The task. Print the data verbatim. Leave every image out.

Data below.
------

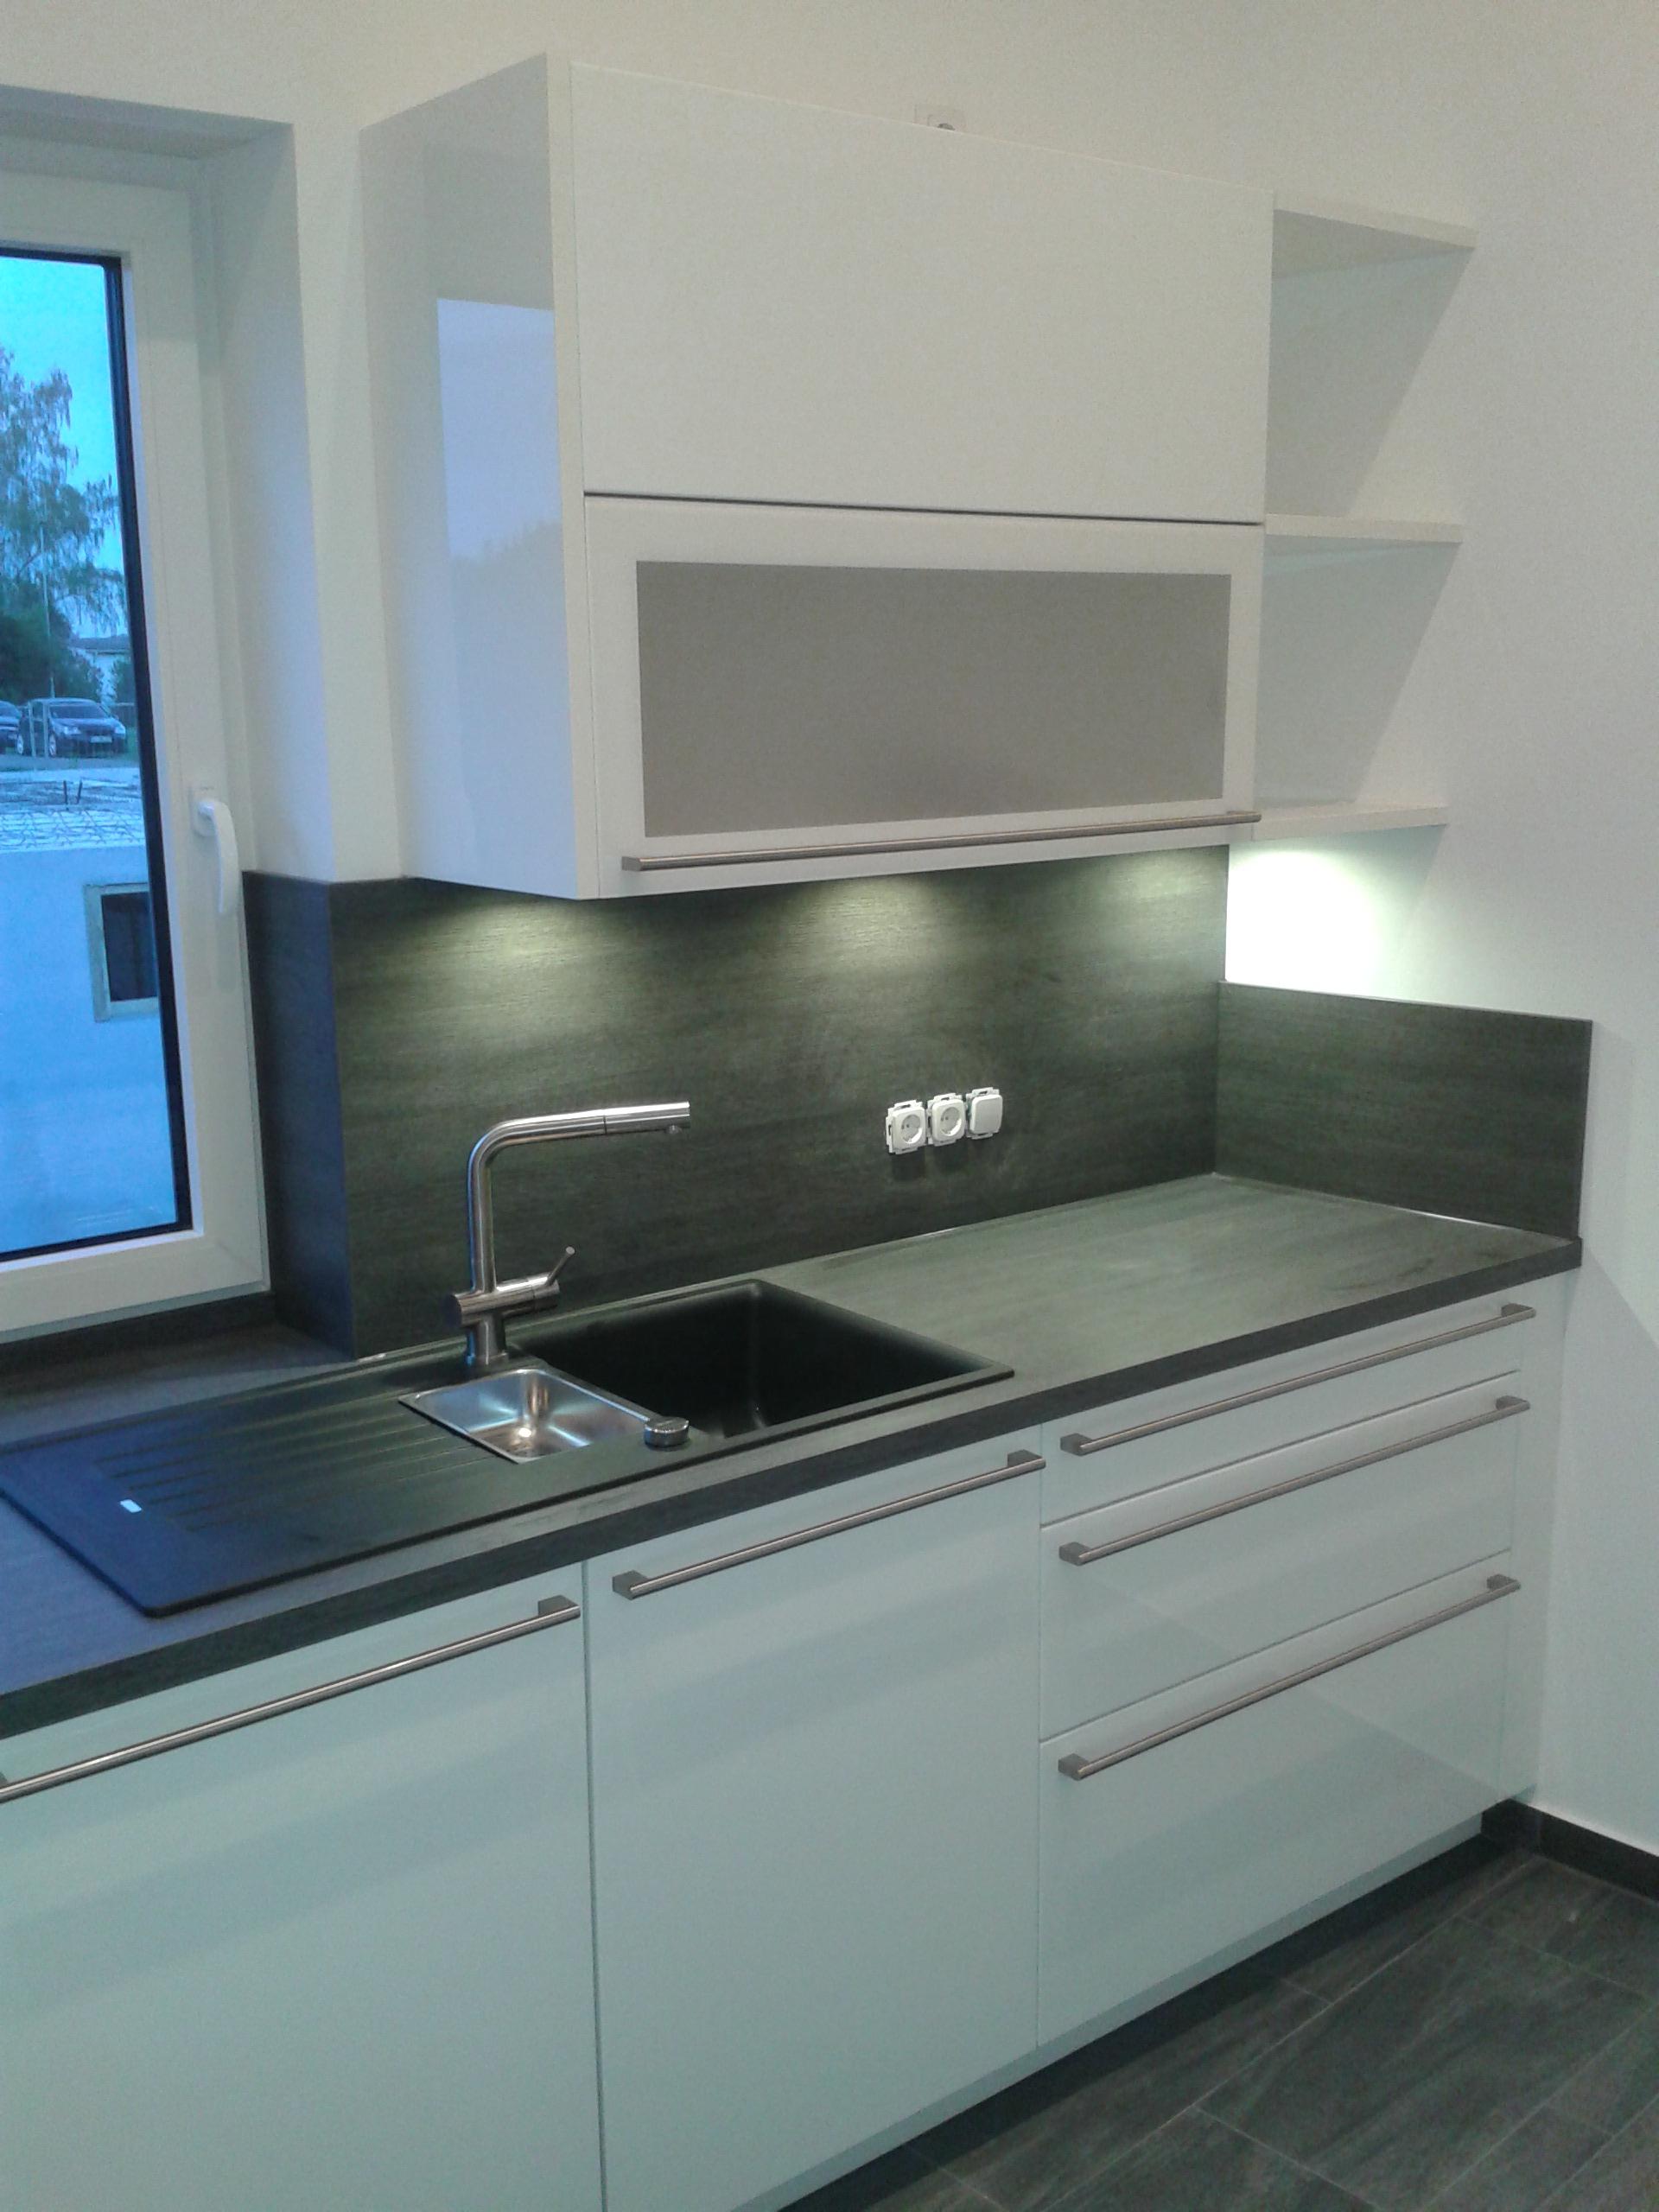 Ziemlich Weiß Glänzend Küchenschranktür Bilder - Ideen Für Die Küche ...
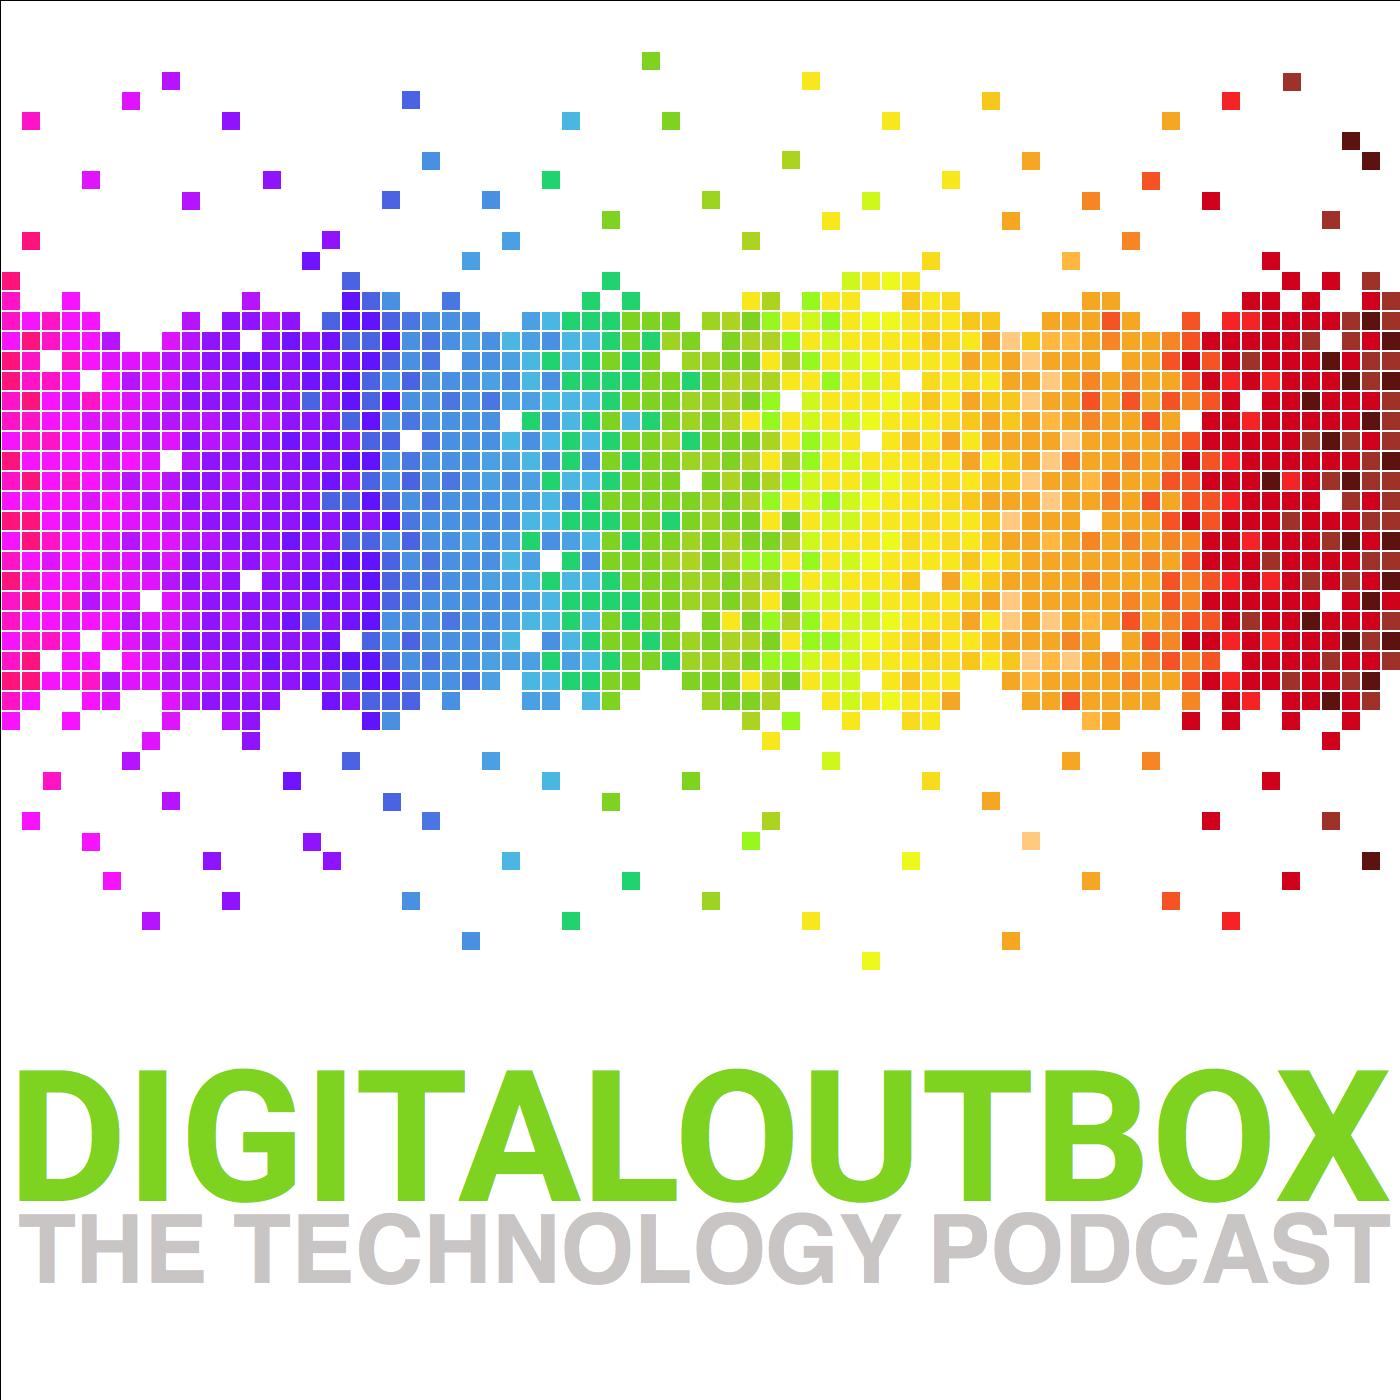 DigitalOutbox
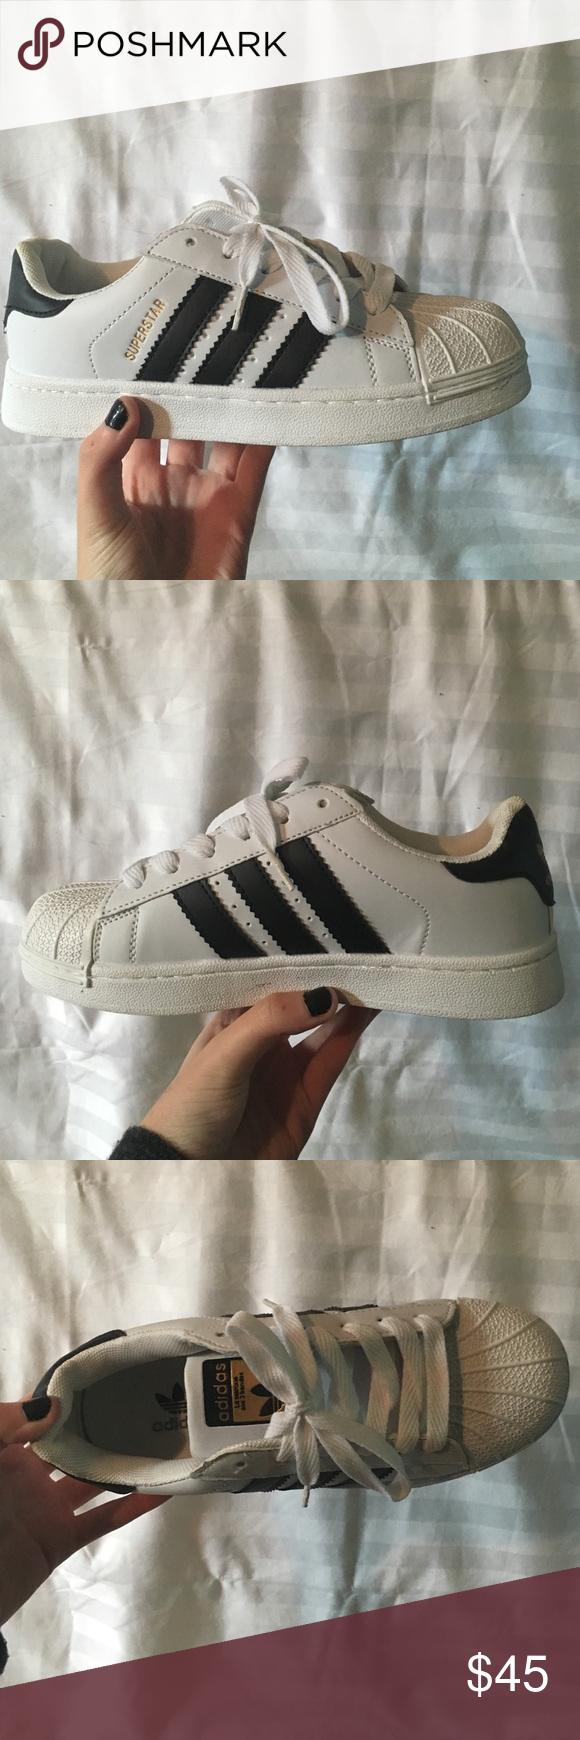 faux white adidas superstar originali scarpe bianche con nero
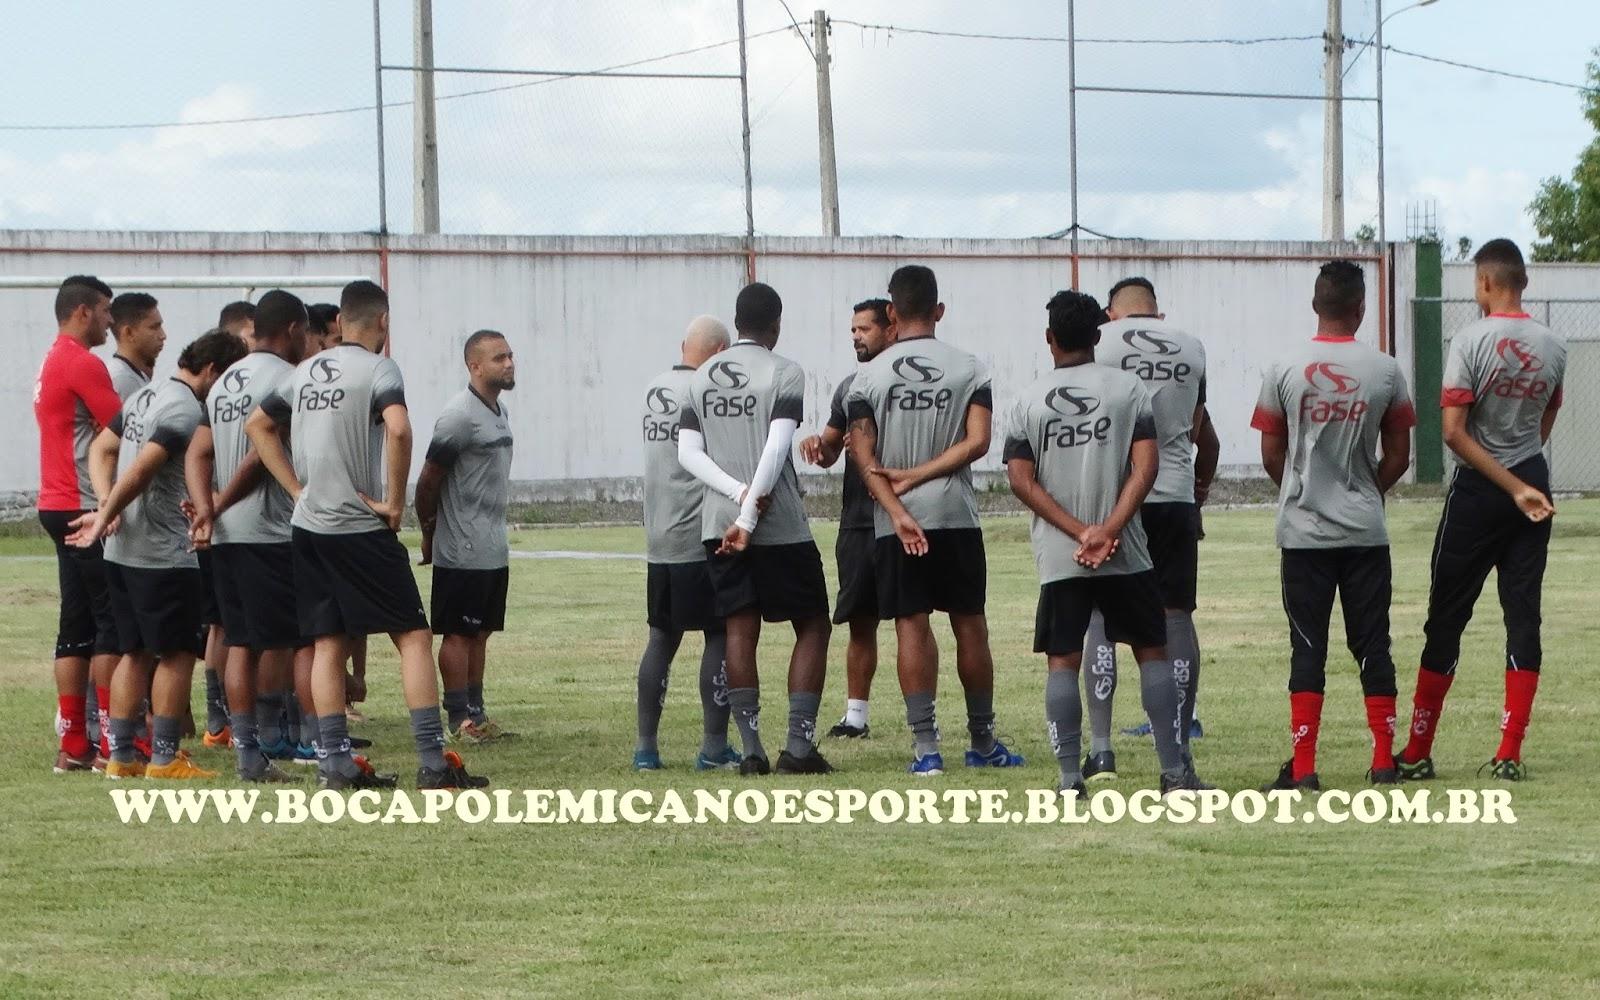 Portela Teixeira de Freitas se apresentou para disputa do Campeonato ... dfadd6b98c4dd

------

Response below.
 Ziemlich Weiß Glänzend Küchenschranktür Bilder - Ideen Für Die Küche ...
 DigitalOutbox
 faux white adidas superstar originali scarpe bianche con nero
 Portela Teixeira de Freitas se apresentou para disputa do Campeonato ... dfadd6b98c4dd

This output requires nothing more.